======== INPUT DATA

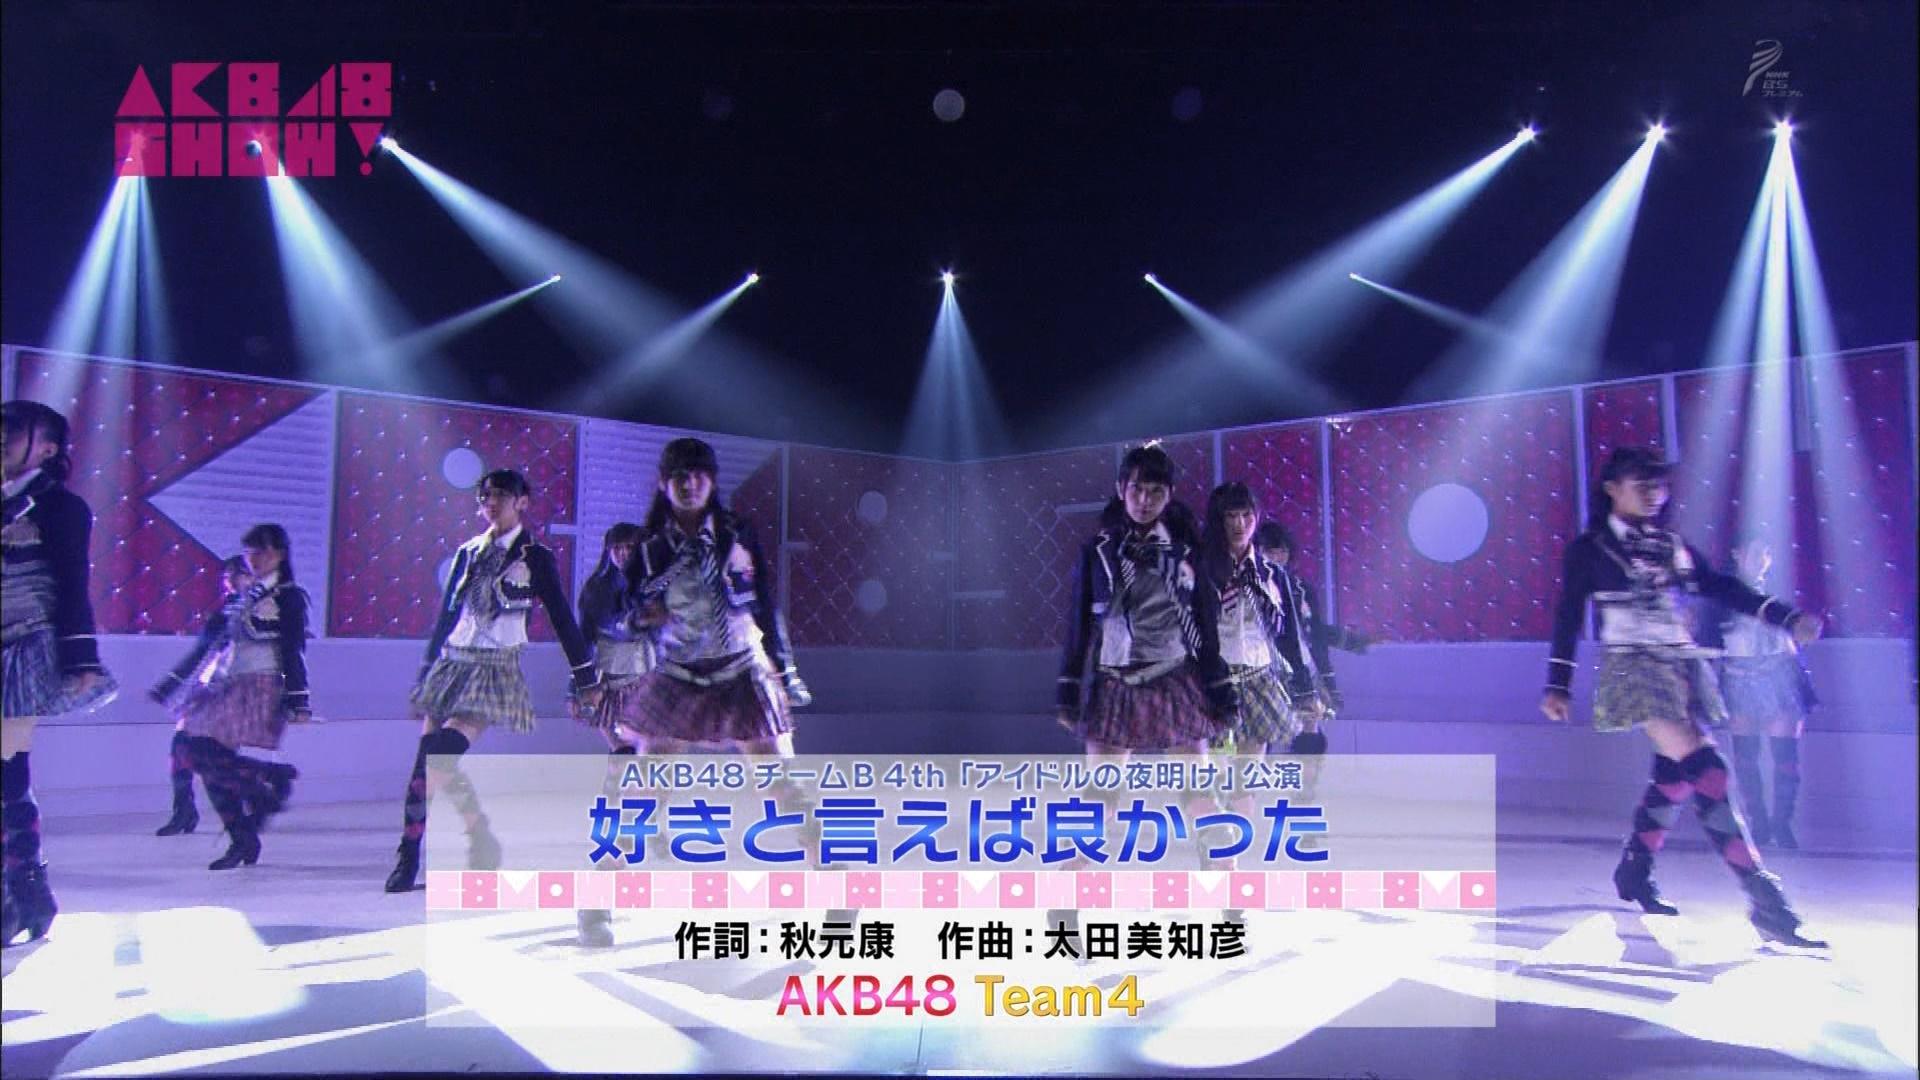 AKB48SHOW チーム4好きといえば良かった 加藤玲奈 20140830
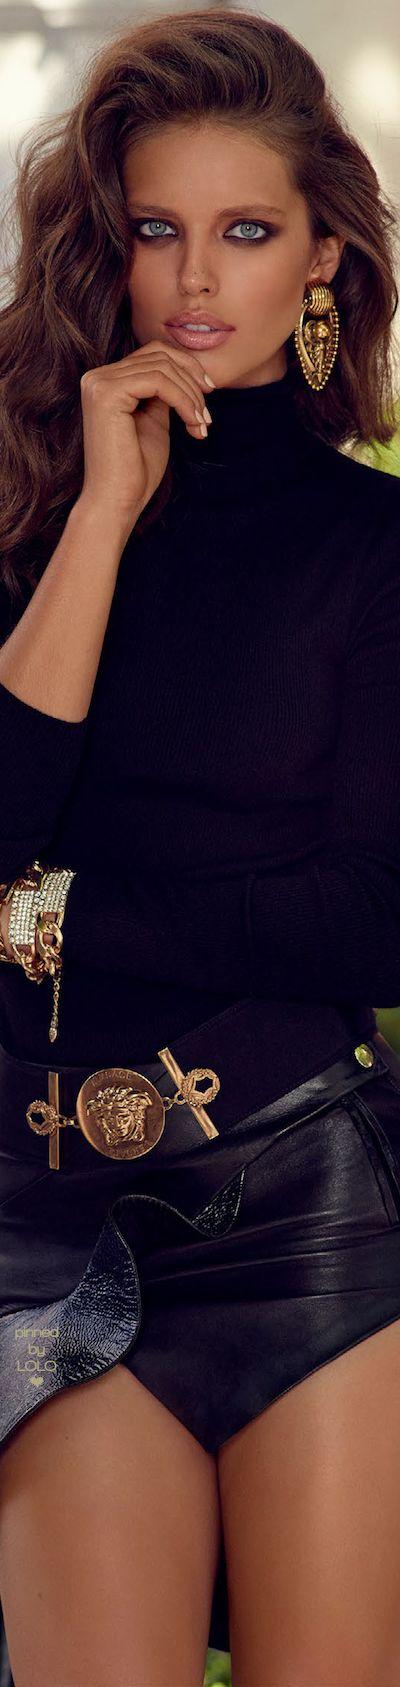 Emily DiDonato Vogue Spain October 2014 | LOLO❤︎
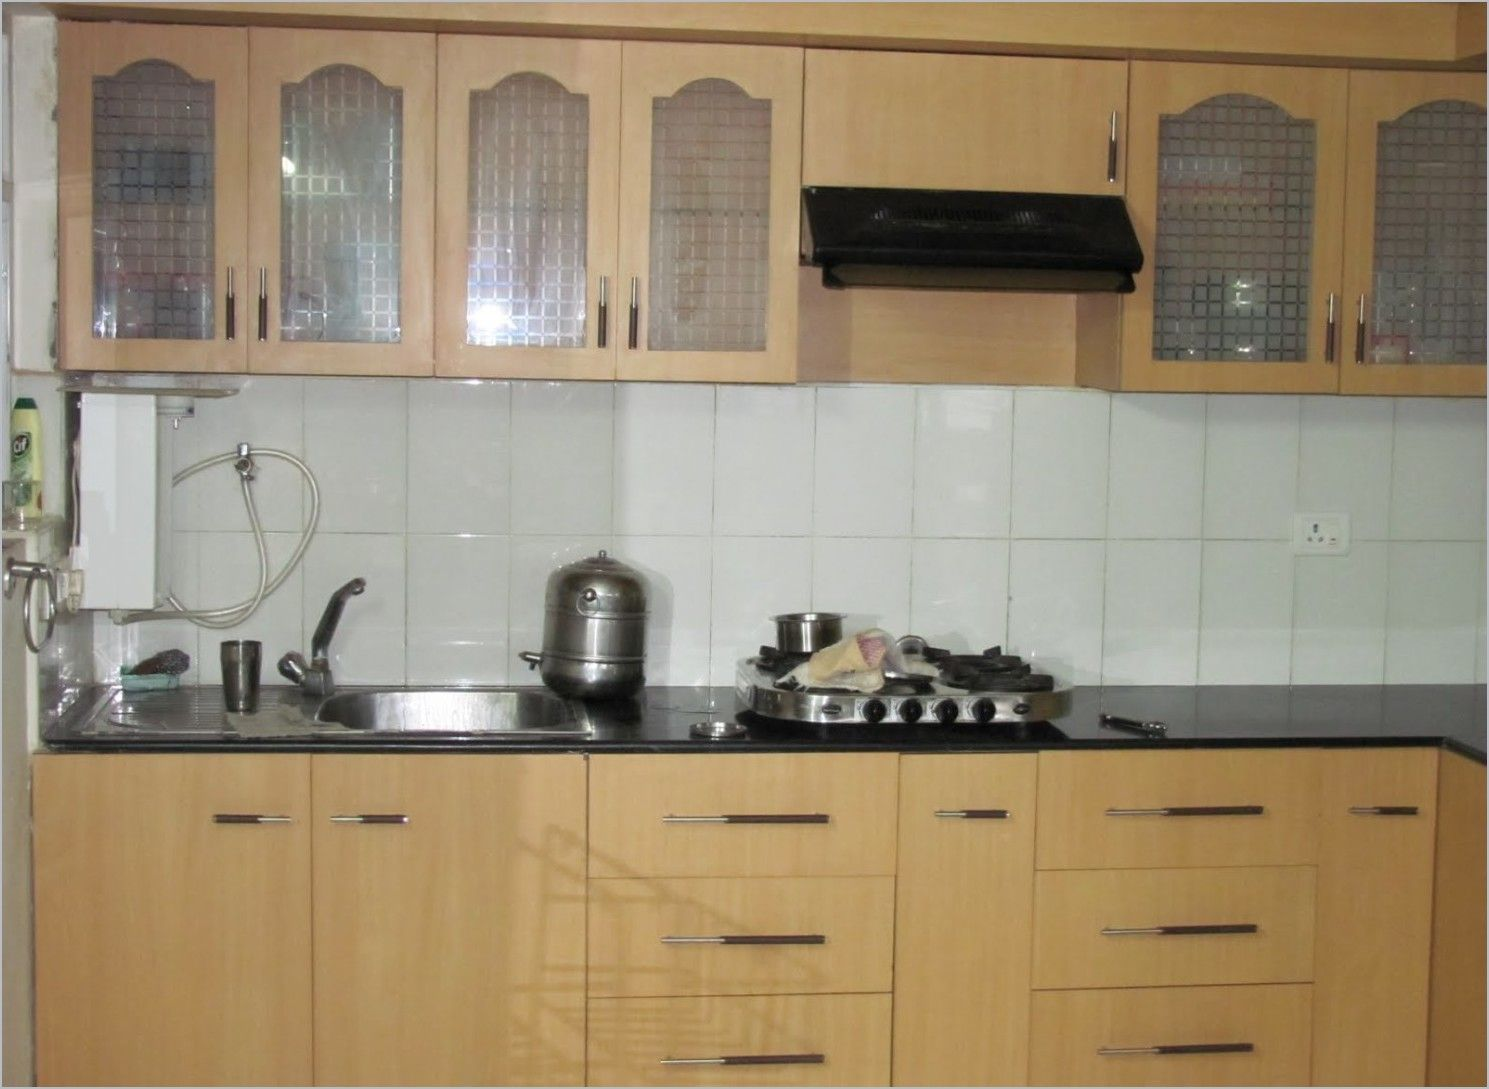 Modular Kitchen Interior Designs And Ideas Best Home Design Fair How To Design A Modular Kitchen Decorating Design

================

**WORK ITEM:** Your copy should hold each line above exactly and no pictures at all.

**ANSWER BOX:**
 AKB48SHOW チーム4好きといえば良かった 加藤玲奈 20140830
 Emily DiDonato Vogue Spain October 2014 | LOLO❤︎
 Modular Kitchen Interior Designs And Ideas Best Home Design Fair How To Design A Modular Kitchen Decorating Design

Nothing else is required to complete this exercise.